Work item
Pictures stay out of the copy. Retype exactly the lines below from the one with "ZHANG DA QIAN" through the one with "这幅画是张大千1946年临摹的董源的《潇湘图》。张大千善于&hellip;".

Provided records
_ _ _ _ _ _ _

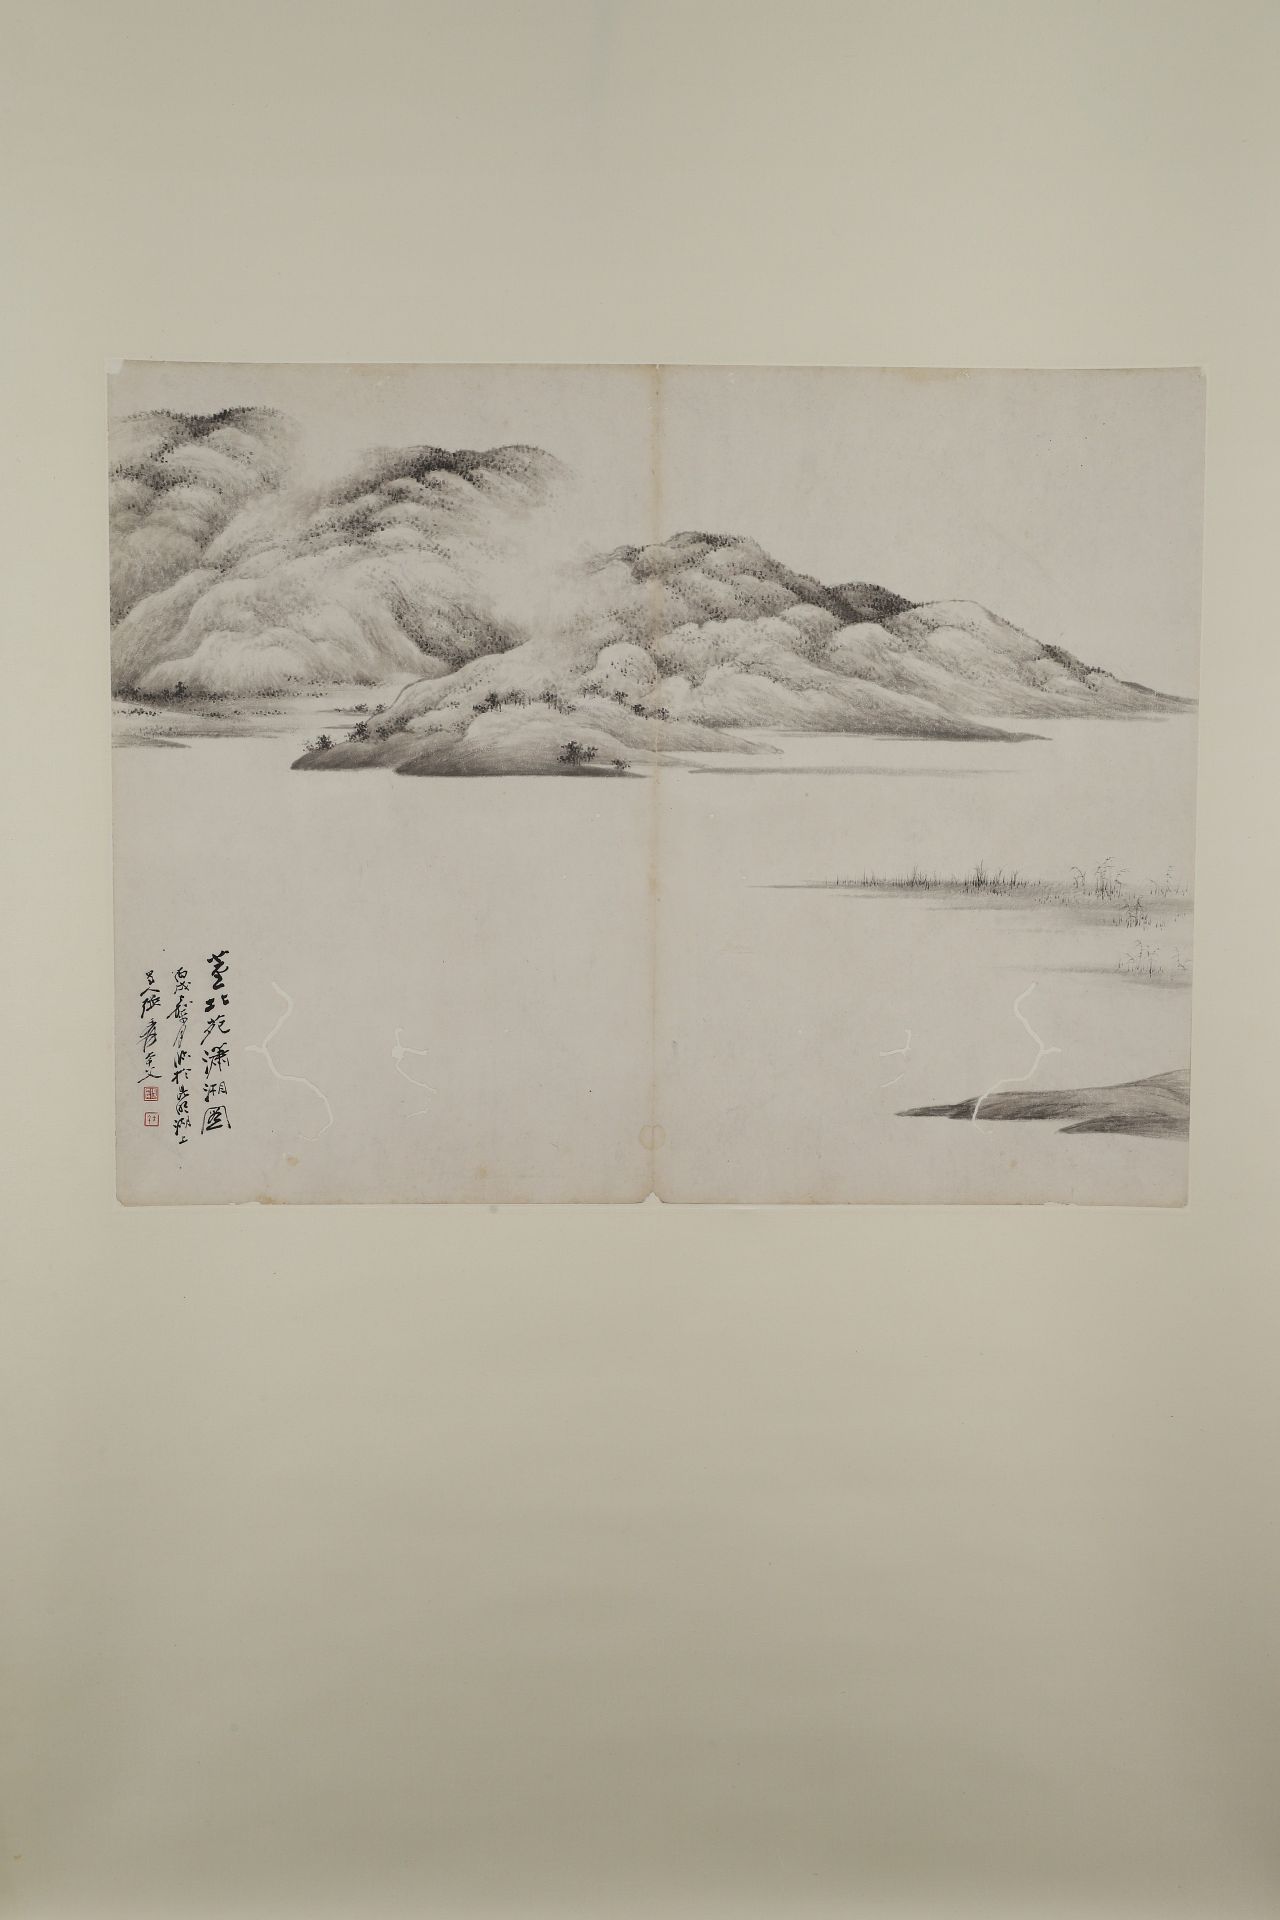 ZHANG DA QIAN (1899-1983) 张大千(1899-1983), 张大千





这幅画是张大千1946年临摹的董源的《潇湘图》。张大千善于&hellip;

_ _ _ _ _ _ _

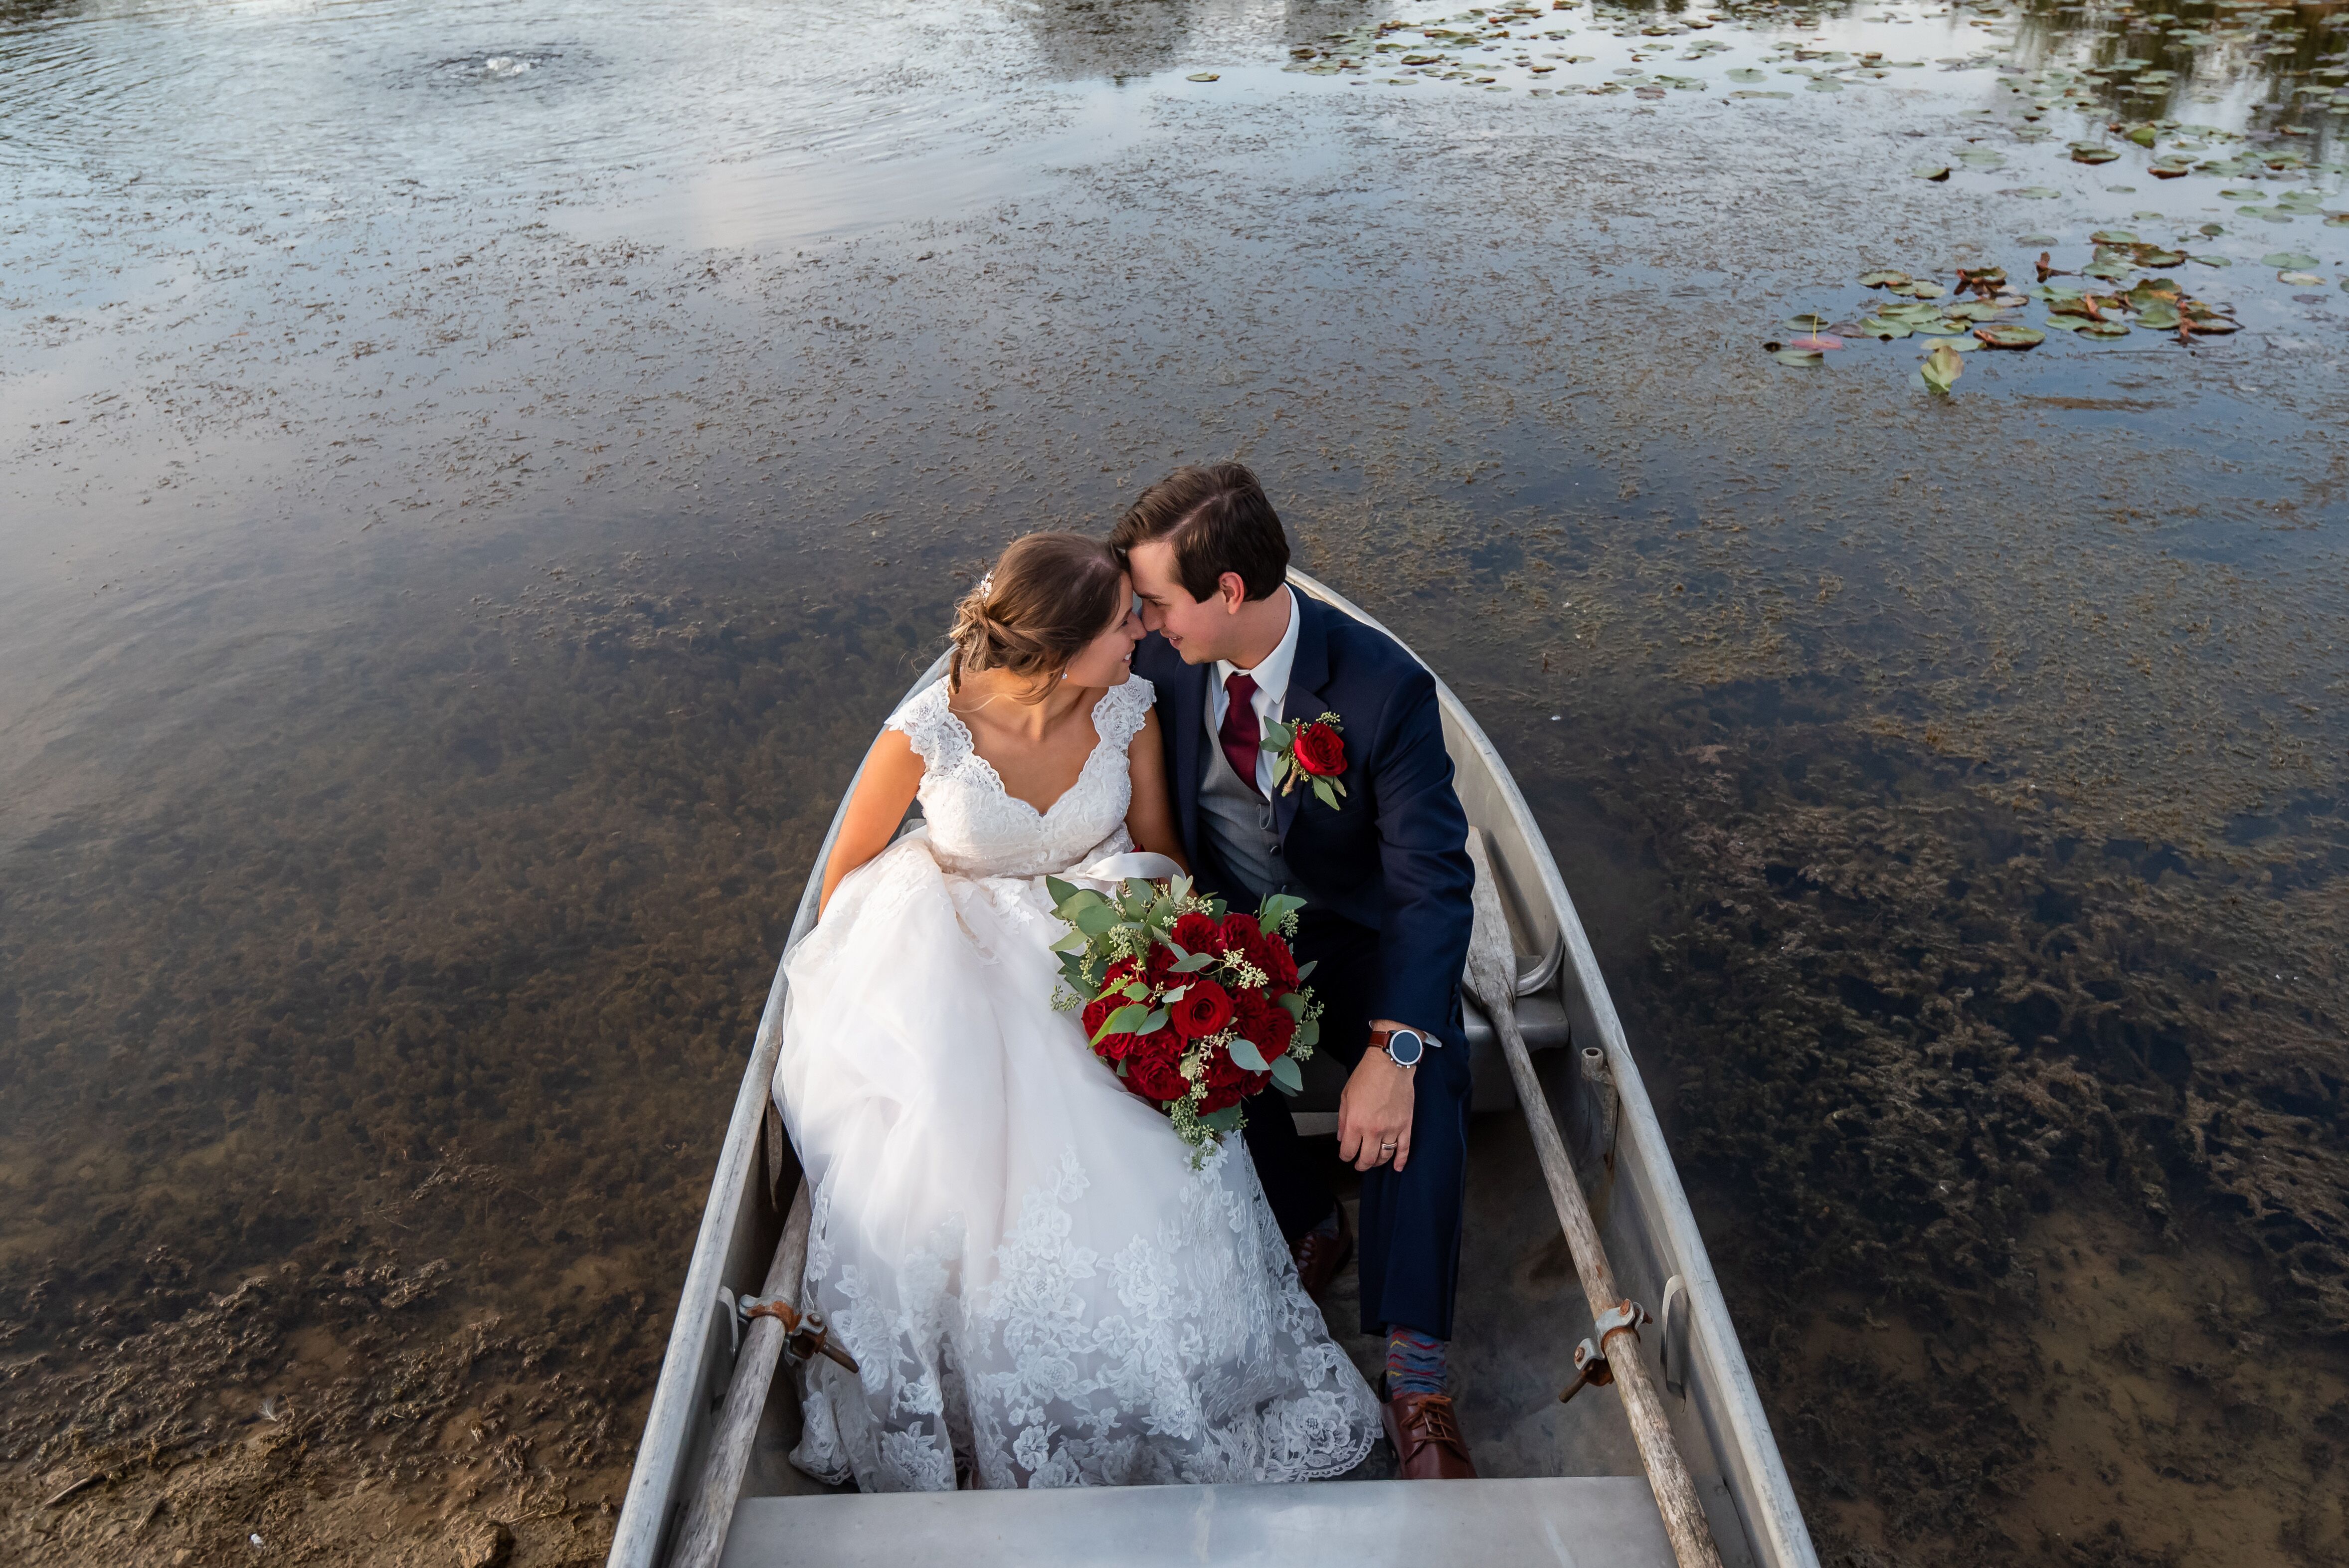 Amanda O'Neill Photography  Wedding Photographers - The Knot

_ _ _ _ _ _ _

Answer for this exercise
 ZHANG DA QIAN (1899-1983) 张大千(1899-1983), 张大千





这幅画是张大千1946年临摹的董源的《潇湘图》。张大千善于&hellip;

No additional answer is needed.